A cancer diagnosis is scary, overwhelming, and complex and has an impact on not only an individual’s health but on their entire family’s emotional and financial lives. Getting the right support and advice at the right time can make a big difference.
Unfortunately, research shows approximately 70 per cent of people affected by cancer report at least one unmet supportive care need.
Through support from the Victorian Government, Cancer Council Victoria’s ACCESS Program was established in 2021 to help the healthcare sector respond to increased demand for supportive care screening, psychological and practical support services during the pandemic.
Now two years into the three-year project, the ACCESS Program has increased access to supportive care through initiates such as:
- Health professional education and engagement to increase patient referrals to Cancer Council’s 13 11 20 cancer support line.
- Increasing resourcing focusing on areas of support most needed such as emotional support and financial counselling.
- Increasing public awareness through media campaigns in rural and regional areas.
Danielle Spence, Head of Strategy and Support at Cancer Council Victoria said, the ACCESS Program had been a valuable investment in supportive care when people needed it most.
“Since the project started in 2021, we’ve had a 415 per cent increase in referrals from health professionals as well as a 71 per cent growth in connections to our 13 11 20 support line,” she said.
“We’ve redirected resourcing into the support services most in demand including help to manage the cost of cancer via our financial counselling program, as well as expanding our nurse counselling and psychological support services.
“Thanks to this investment, we’ve increased the number of Victorians receiving support for financial counselling (254%) and psychological support (330%) since 2021.”
Cancer Council Victoria provides a range of supportive care services for people living with cancer, cancer survivors and their loved ones that can be accessed by calling 13 11 20. This includes:
What is supportive care?
Supportive care includes all forms of care and support that aims to improve the quality of life of people living with cancer, cancer survivors and their loved ones. This includes addressing the physical, emotional, social, psychological, informational, spiritual, and practical impacts of cancer. Supportive care services are an important complement to clinical treatment to provide holistic and personalised care for each individual AND their families. We know that supportive care interventions can prevent or minimise the adverse effects of cancer and its treatment, across all phases of a person’s cancer experience.

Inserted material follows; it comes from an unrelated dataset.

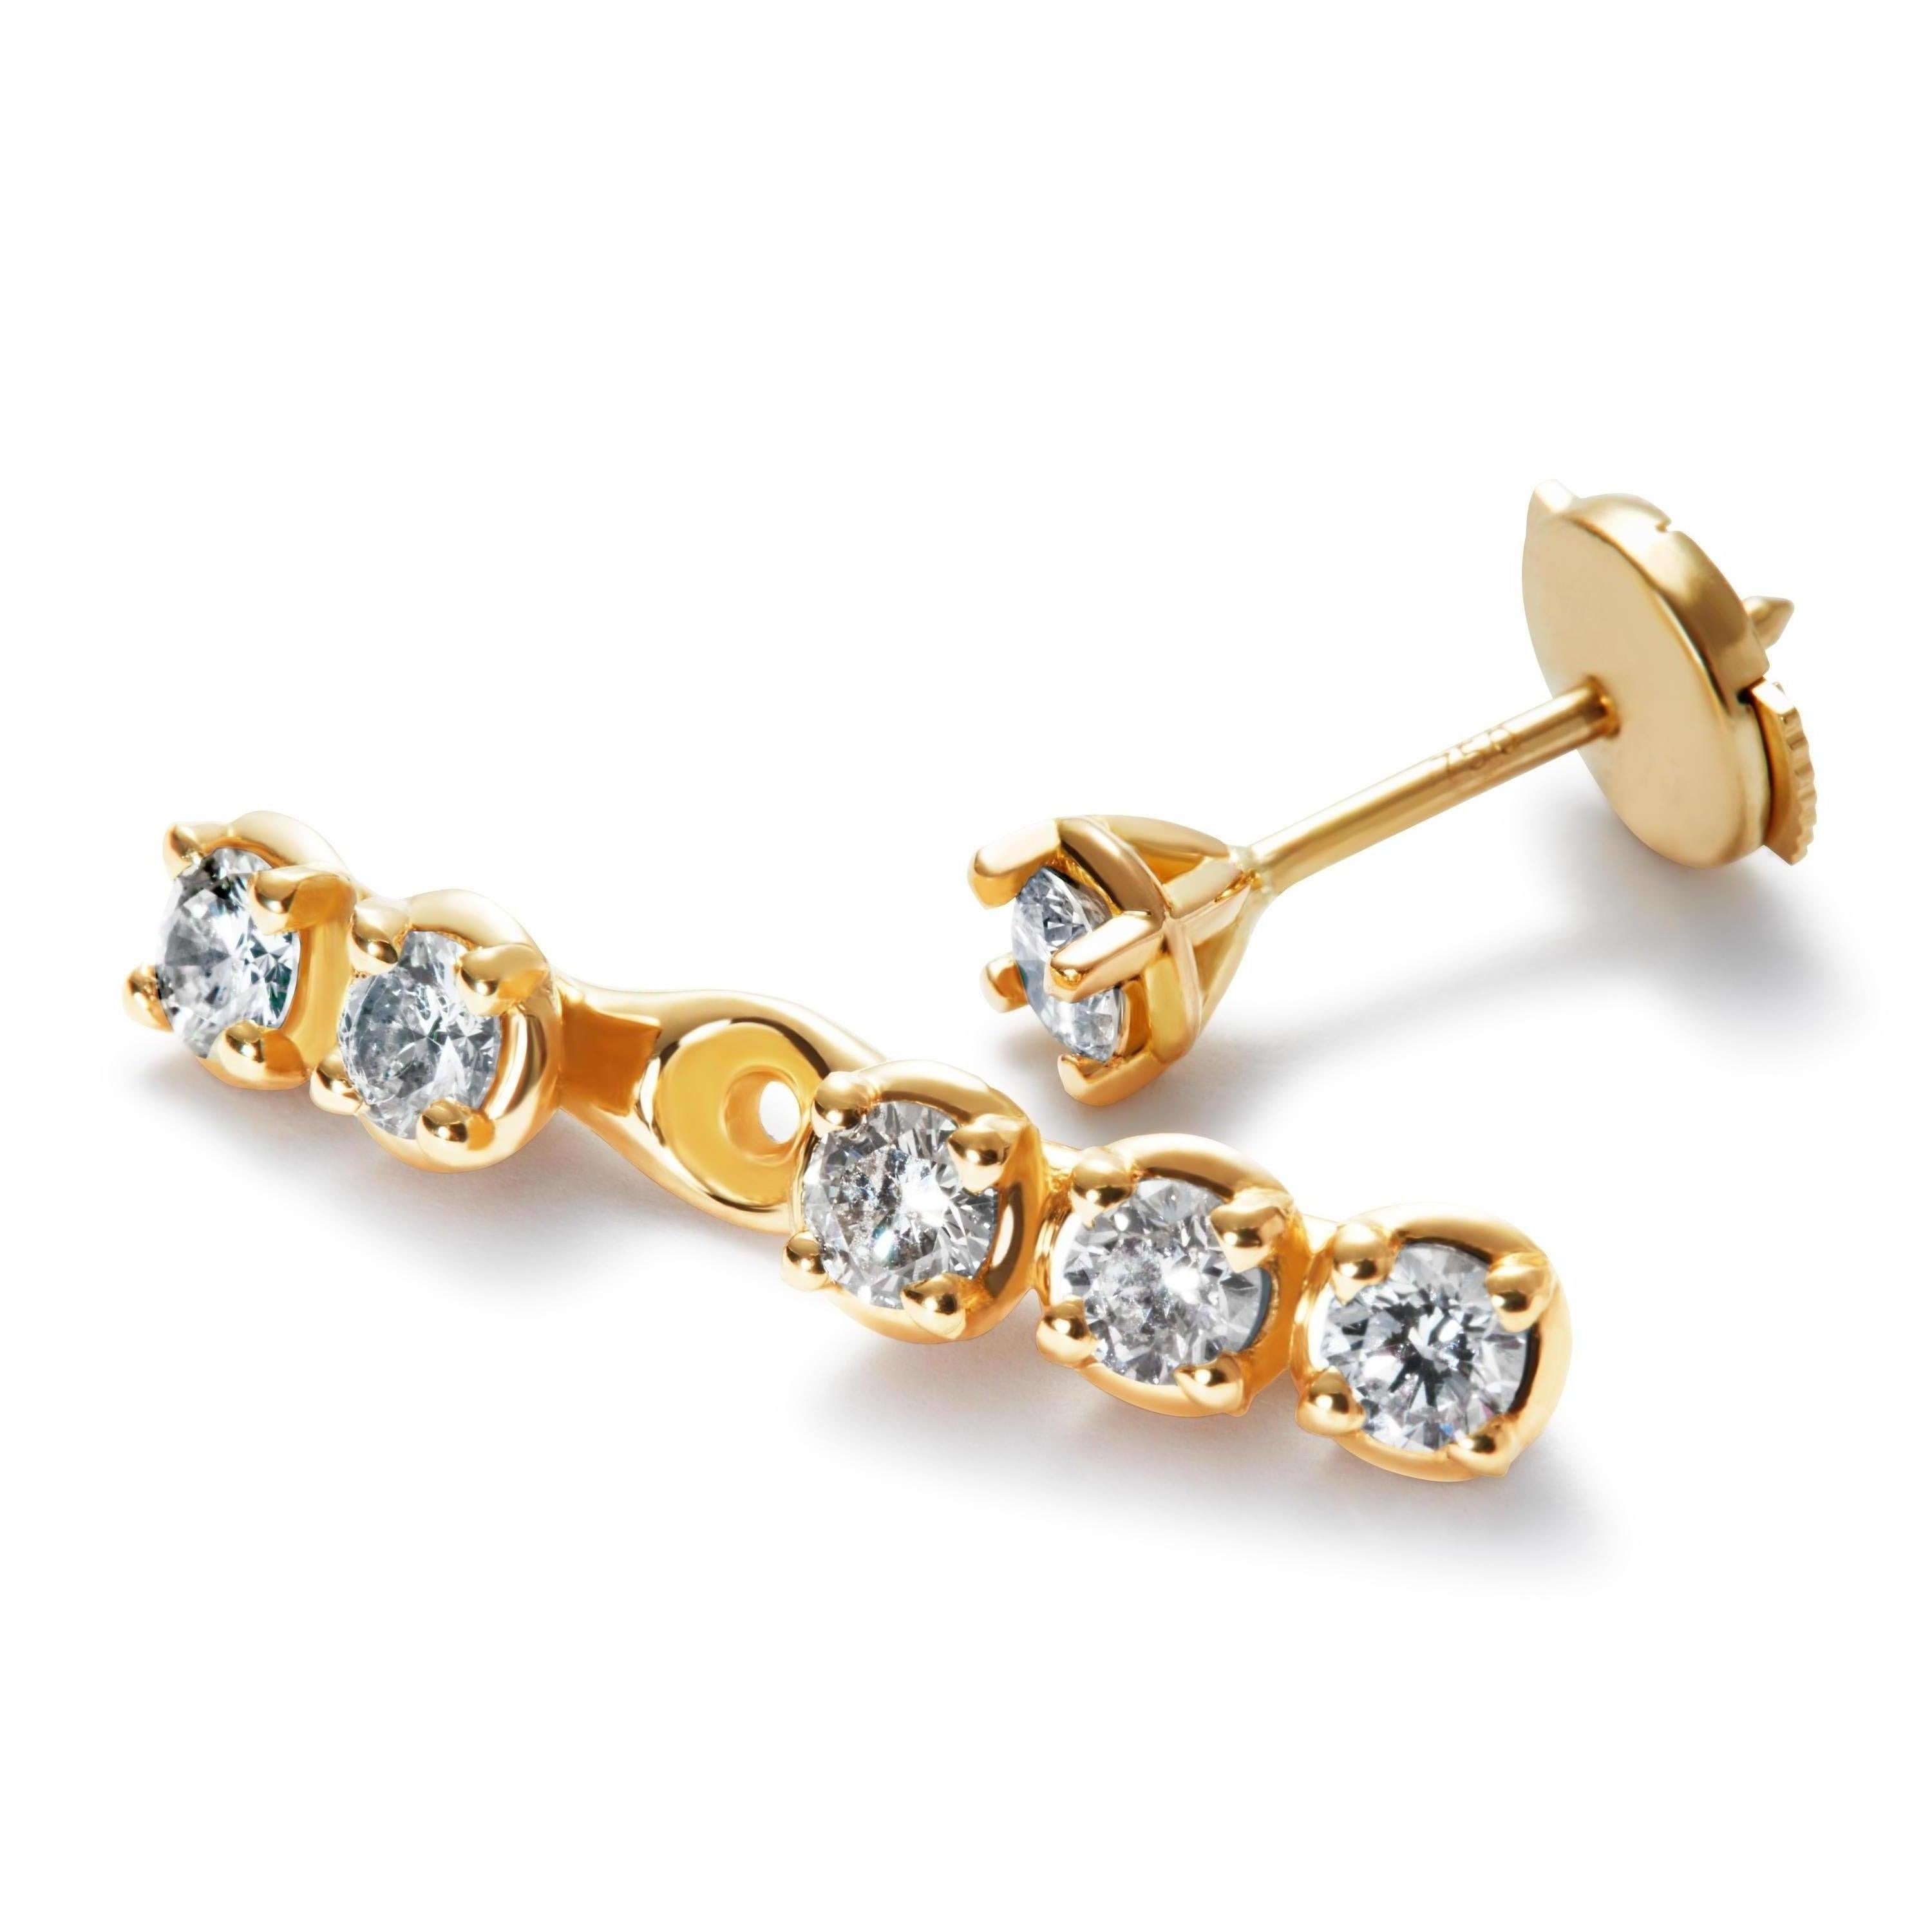 Rocks For Lifes two piece earring is with its distinctive design equally versatile and classic. It can be styled in many different ways. The setting of the six diamonds, a total of 0.66 carat, is designed to maximise the brilliance and luminosity of

As a referral to Cancer Council is not a formal step in the Victorian health system when someone receives a cancer diagnosis, the onus is on individuals to contact the Cancer Council 13 11 20 phone line to access these services.
“If people are unaware that we exist or don’t know what we offer, they can miss out on the support they need,” Danielle said.
“Too often people call our 13 11 20 support line and tell us, “I wish I’d heard about you sooner!”.”
Cancer Council’s ‘You’re not alone’ campaign that ran in rural and regional areas, and patient resources distributed to health services, helped increase awareness and encourage people to call 13 11 20.
“During the pandemic it was essential that people knew we were here to help, that anyone with a question about cancer can contact us, and that we have a range of services available,” Danielle said.
With nearly half of all Victorians either born overseas or with a parent born overseas, the next phase of the ACCESS Program is focusing on reaching Vietnamese and Arabic people affected by cancer who have a low uptake of supportive care services.
“Through tailored in language cancer information and promotional campaigns, we’re aiming to try and break down some of the barriers to accessing supportive care for all Victorians and achieve better cancer outcomes,” Danielle said.
Don’t try and do it all on your own
33-year-old Rachel from regional Victoria was 19 weeks pregnant when she was diagnosed with breast cancer in December 2021. She called Cancer Council’s 13 11 20 support line when she began to struggle emotionally after her treatment had ended, and said the cancer nurse was very helpful in trying to deal with her challenges. “I’d absolutely recommend 13 11 20 to anyone going through cancer as well as their family members,” she said.